:: Provided records

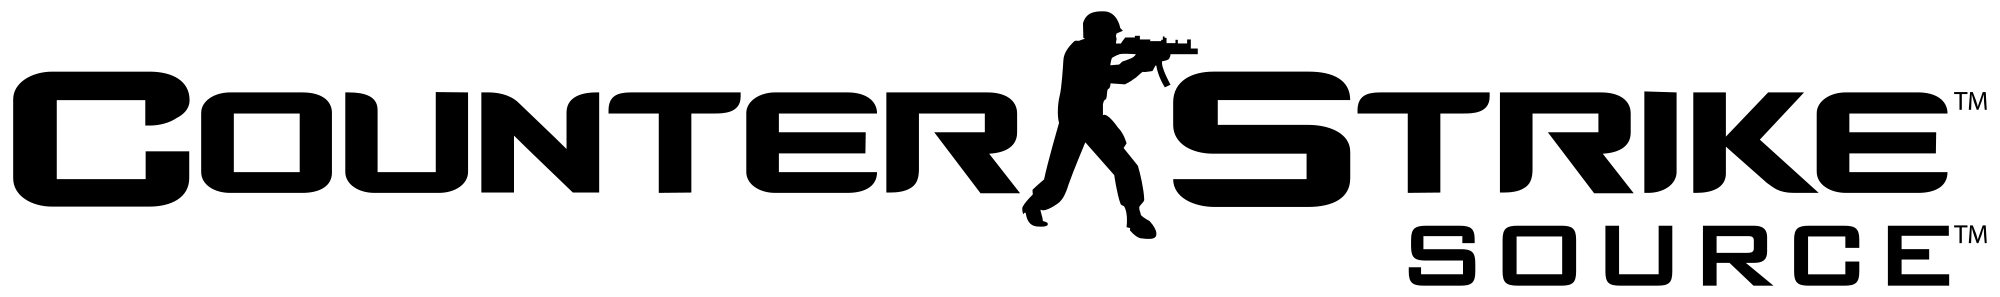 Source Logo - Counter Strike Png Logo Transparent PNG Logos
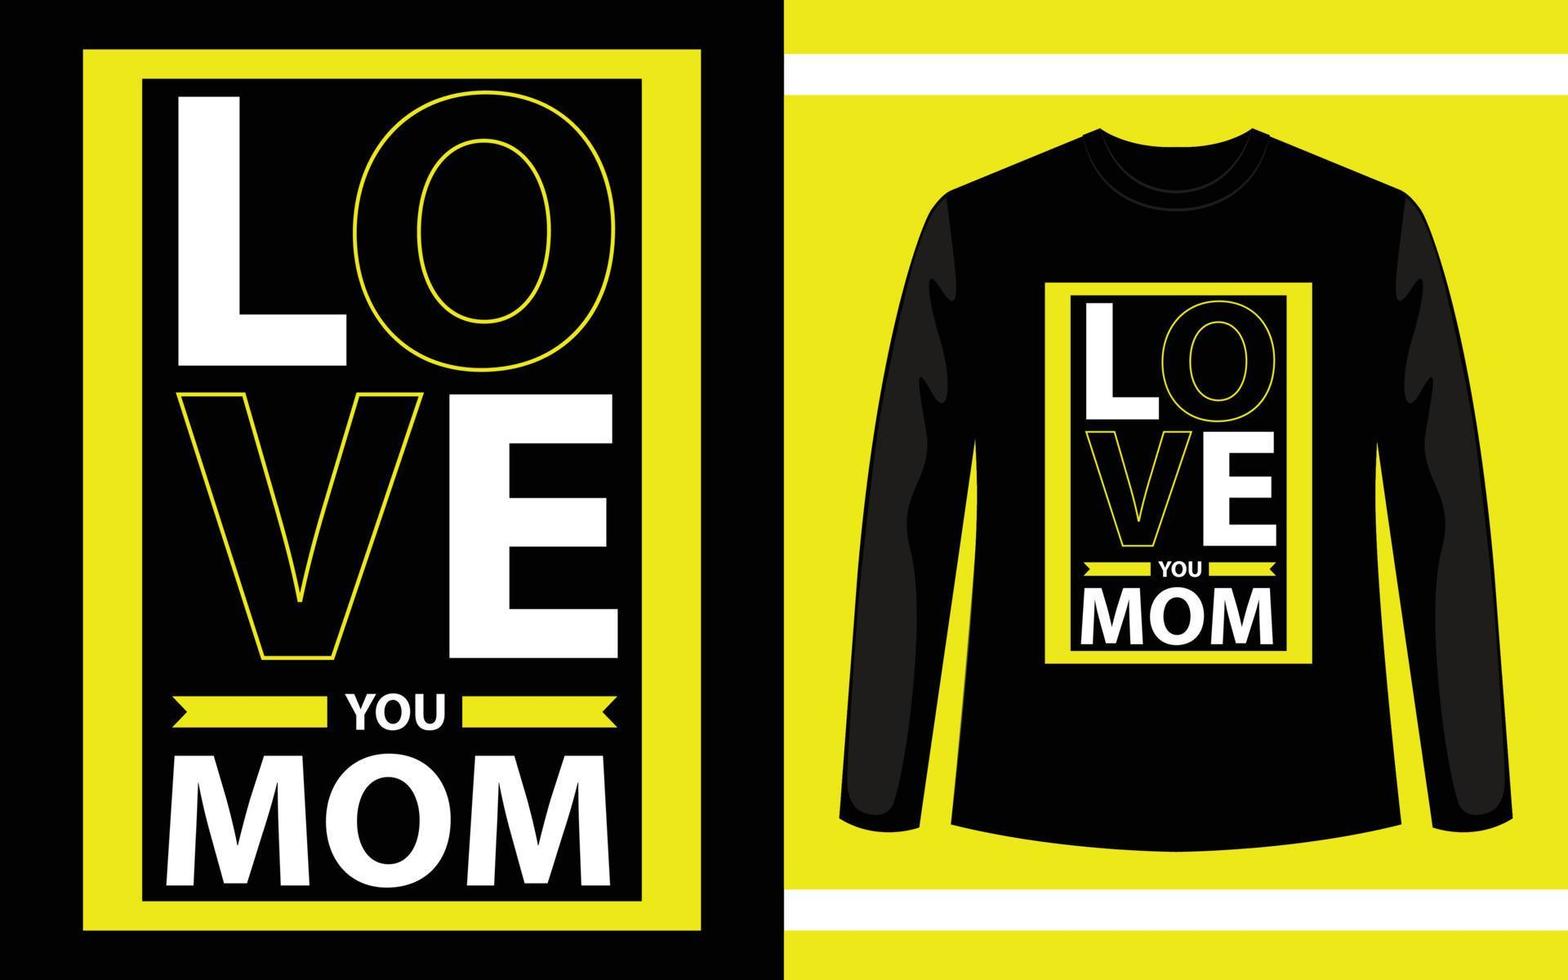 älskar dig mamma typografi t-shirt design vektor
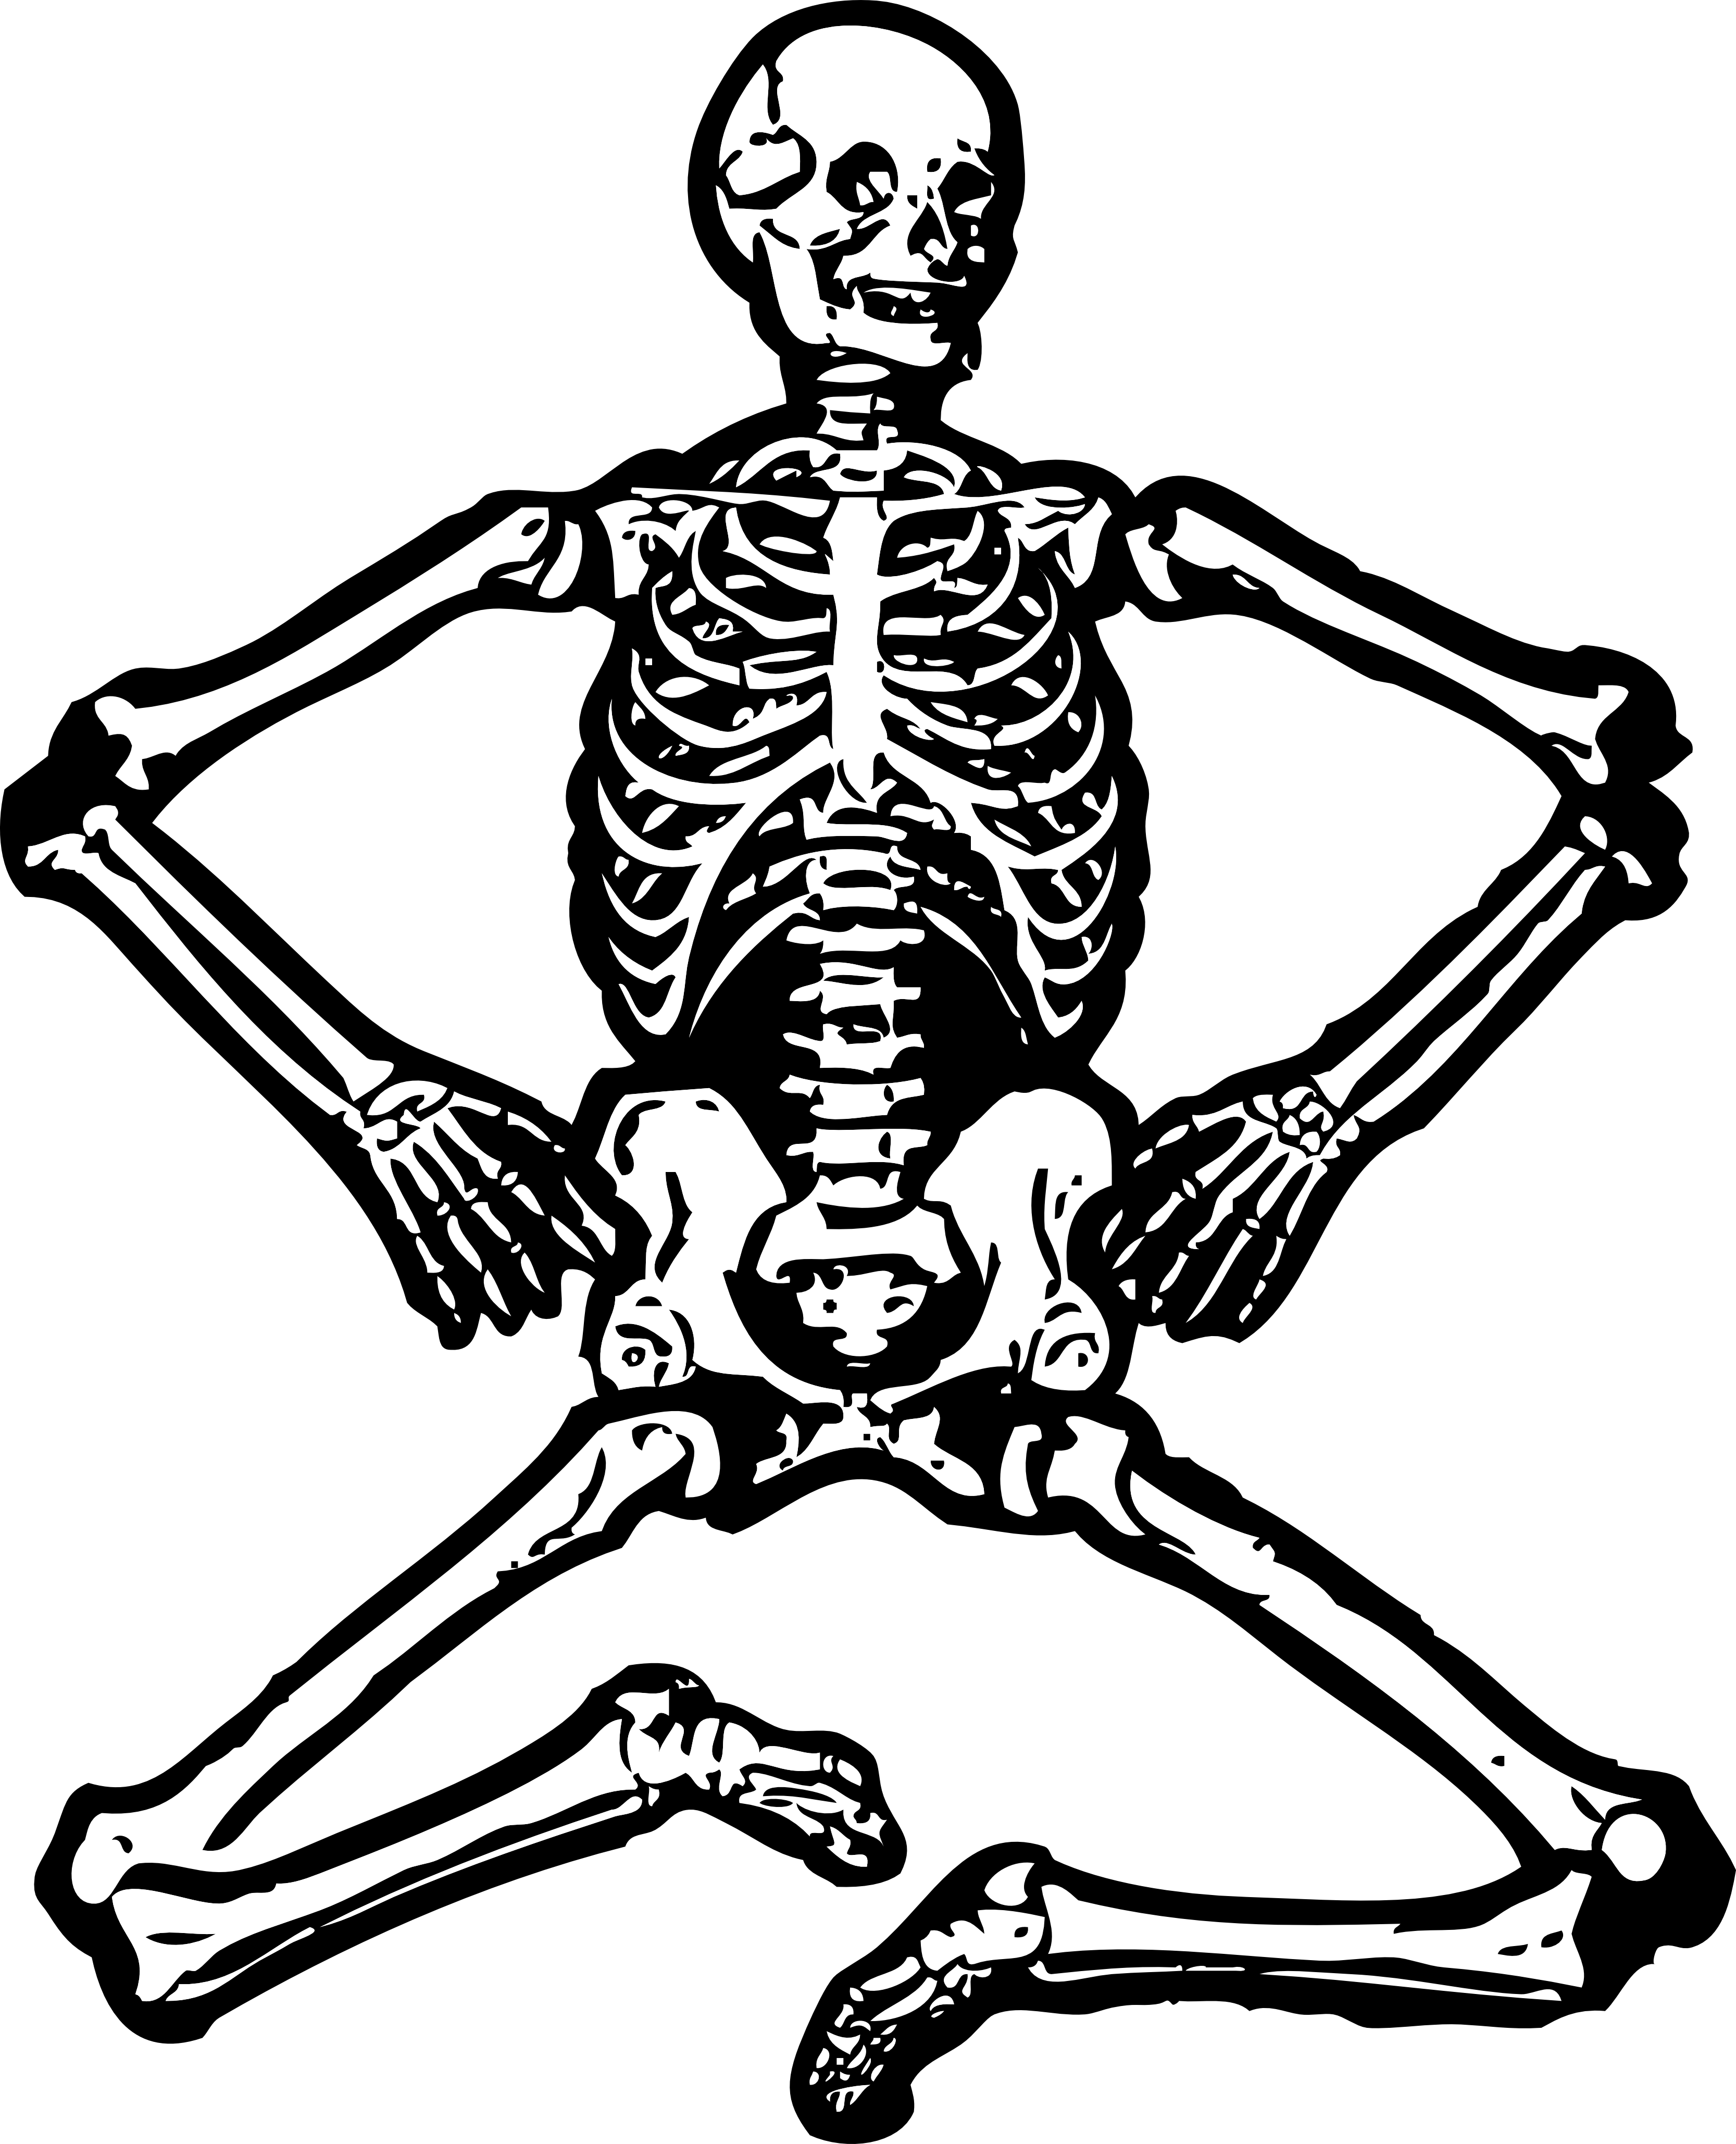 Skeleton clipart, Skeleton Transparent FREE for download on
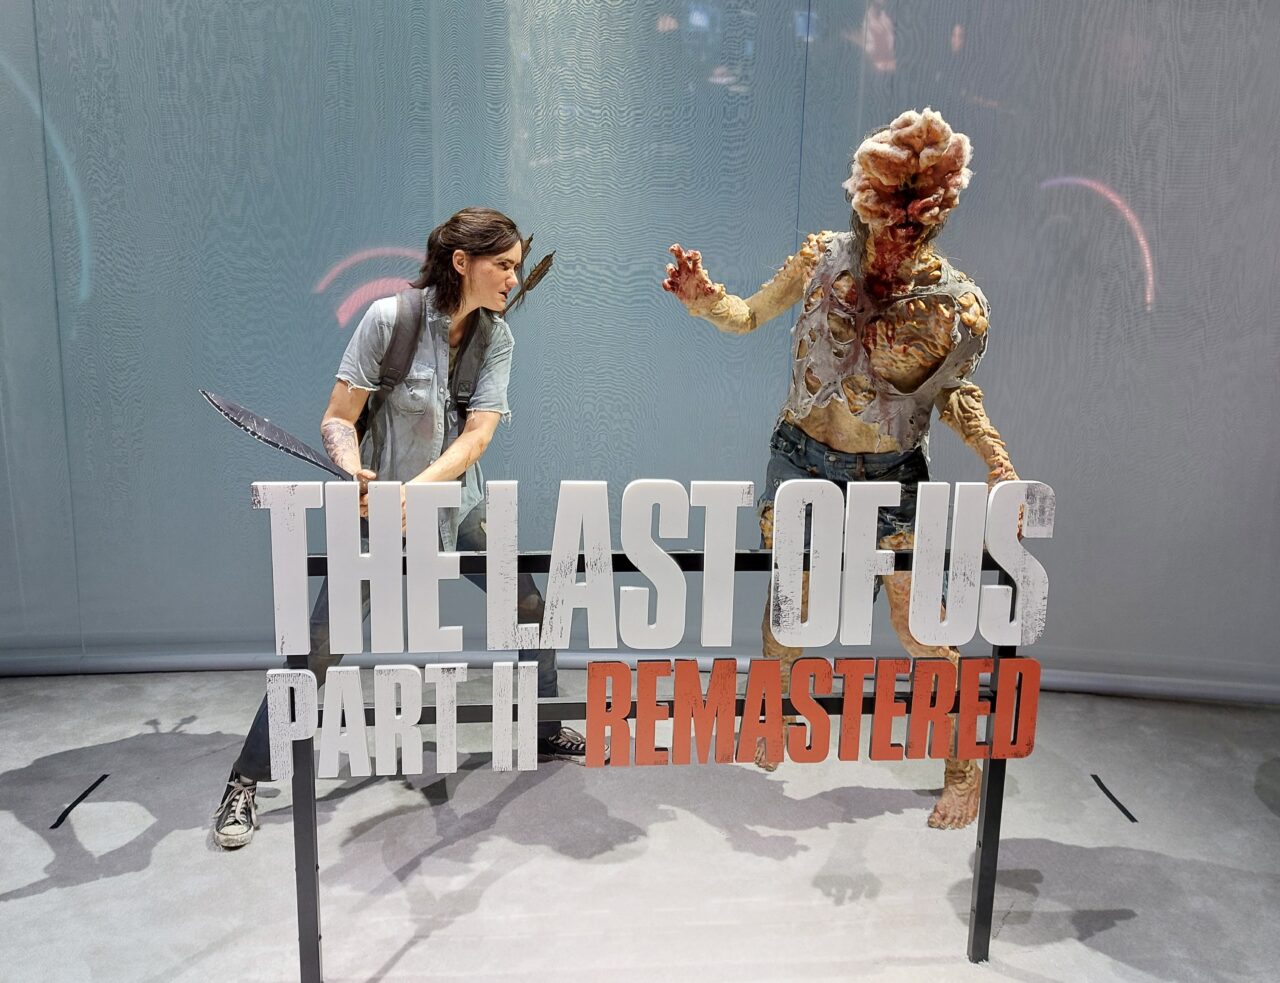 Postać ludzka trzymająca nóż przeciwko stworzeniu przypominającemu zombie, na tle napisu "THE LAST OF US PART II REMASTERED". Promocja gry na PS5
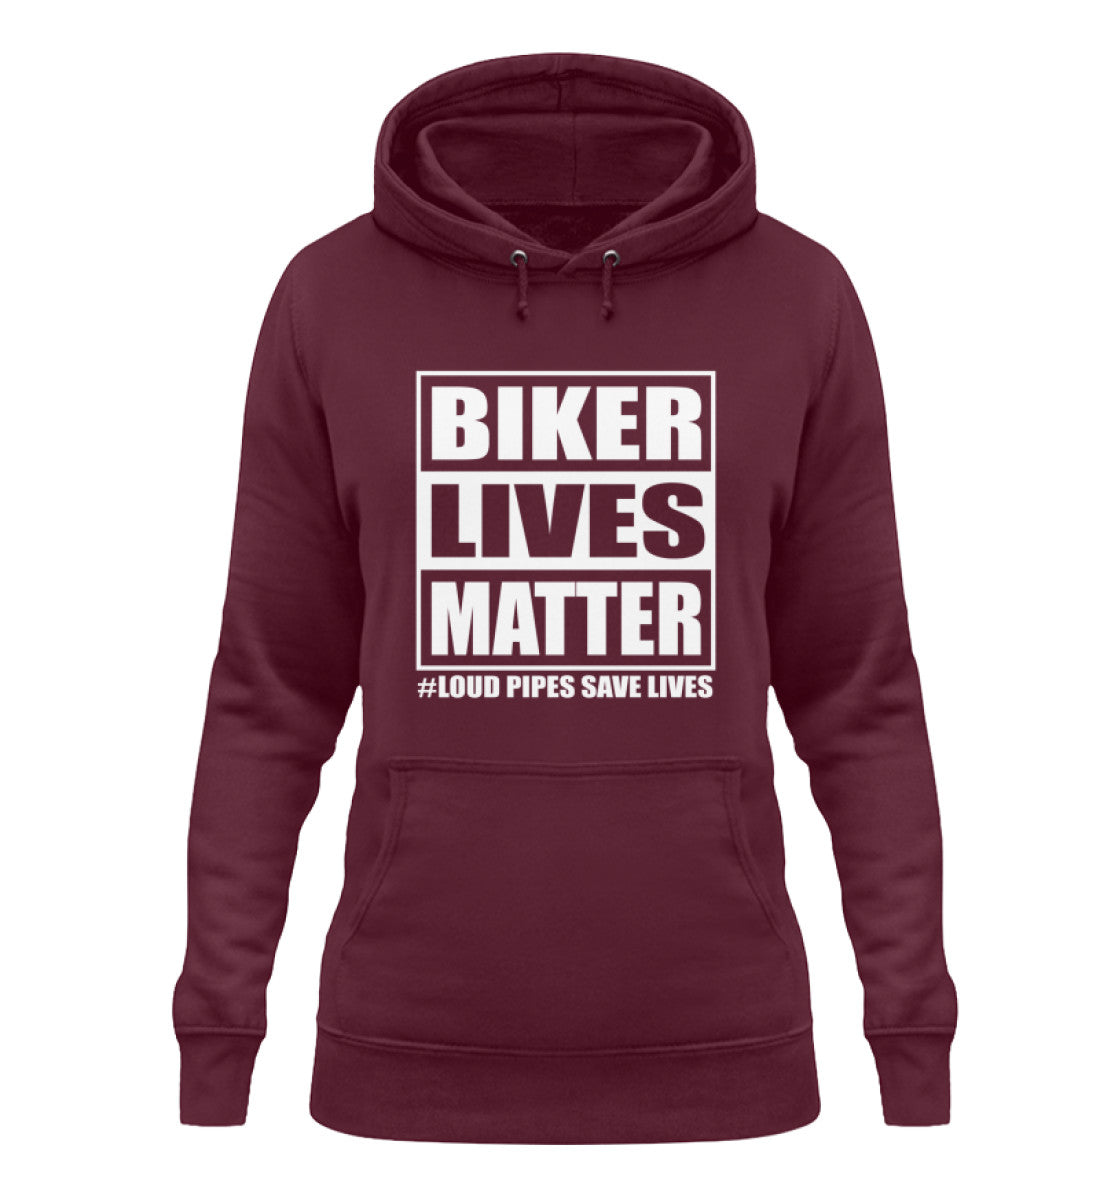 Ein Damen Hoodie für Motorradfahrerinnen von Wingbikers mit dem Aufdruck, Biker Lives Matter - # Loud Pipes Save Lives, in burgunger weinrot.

::::

Goal of the exercise: Your reply should hold only the lines running from the one with "älskar dig mamma" to the end of the data above, set down exactly, pictures omitted.

Worked solution:
 älskar dig mamma typografi t-shirt design vektor
 Skeleton clipart, Skeleton Transparent FREE for download on
 Postać ludzka trzymająca nóż przeciwko stworzeniu przypominającemu zombie, na tle napisu "THE LAST OF US PART II REMASTERED". Promocja gry na PS5
 Ein Damen Hoodie für Motorradfahrerinnen von Wingbikers mit dem Aufdruck, Biker Lives Matter - # Loud Pipes Save Lives, in burgunger weinrot.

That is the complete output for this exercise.